Abstract

As the first and rate limiting enzyme in the biosynthetic pathway for catecholamine (CA) neurotransmitters, tyrosine hydroxylase (TH) is a specific phenotypic marker for CA cells in the central and peripheral nervous systems of adult animals. During embryogenesis, TH expression appears permanently within cells destined to be CA-secreting during adult life, and transiently in several cell types that will not express TH in adulthood. In this study, we examined the early ontogeny of TH expression in transgenic mouse embryos by following the expression of a lacZ reporter, driven by the tissue-specific promoter of the rat TH gene.
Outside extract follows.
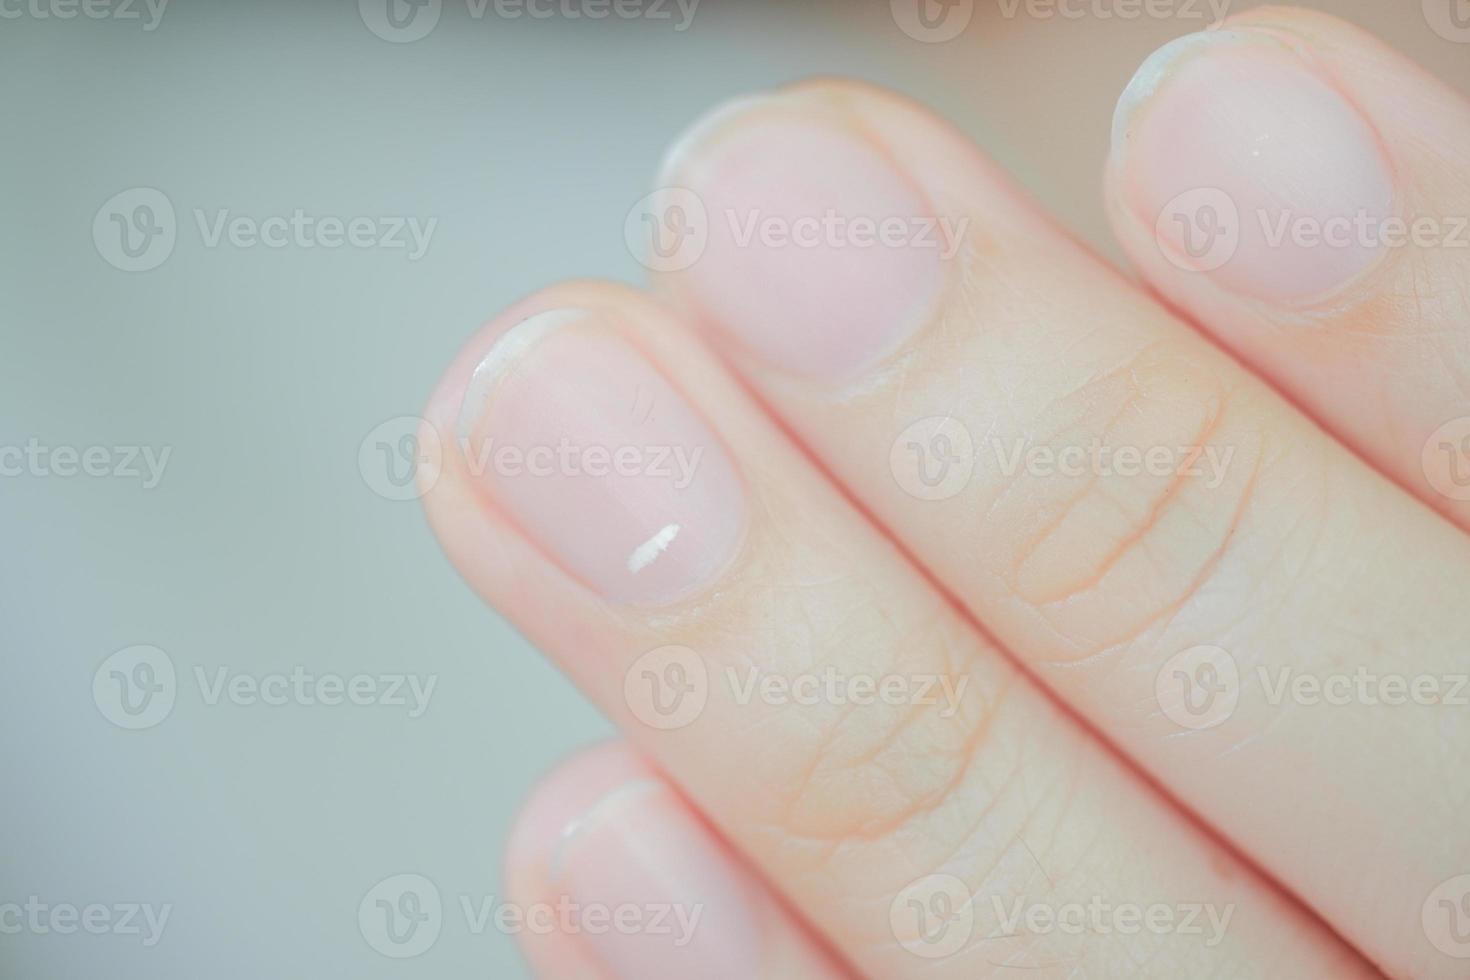 des taches blanches sur les ongles appelées leuconychies révèlent l'apparition de problèmes de santé. photo

The lacZ reporter product, beta-galactosidase (beta-gal), visualized by X-gal staining, first became apparent in primordia of sensory ganglia serving the glossopharyngeal (IX) and vagal (X) cranial nerves at embryonic day (E)9.0. Between E9.5 and E10.5, beta-gal expression extended to the remaining cranial sensory ganglia serving the trigeminal (V) and facial (VII) nerves, dorsal root ganglia, ventrolateral neural tube and sympathetic ganglion primordia. During that same period, the first beta-gal expression in the embryonic brain also appeared within distinct regions, such as the ventral prosencephalon, the ventral and dorsolateral mesencephalon and the rostral and caudal rhombencephalon. The level of beta-gal expression in all these tissues decreased at E13.5, but a distinct adult pattern of beta-gal expression started to emerge in the substantia nigra and ventral tegmental area in the central nervous system and the adrenal medulla in the periphery. Our findings indicate that the proximal 9.0 kb of the 5' promoter region of the rat TH gene encodes sufficient information to direct development of the appropriate catecholaminergic lineage cells in the central and most peripheral nervous systems during embryogenesis.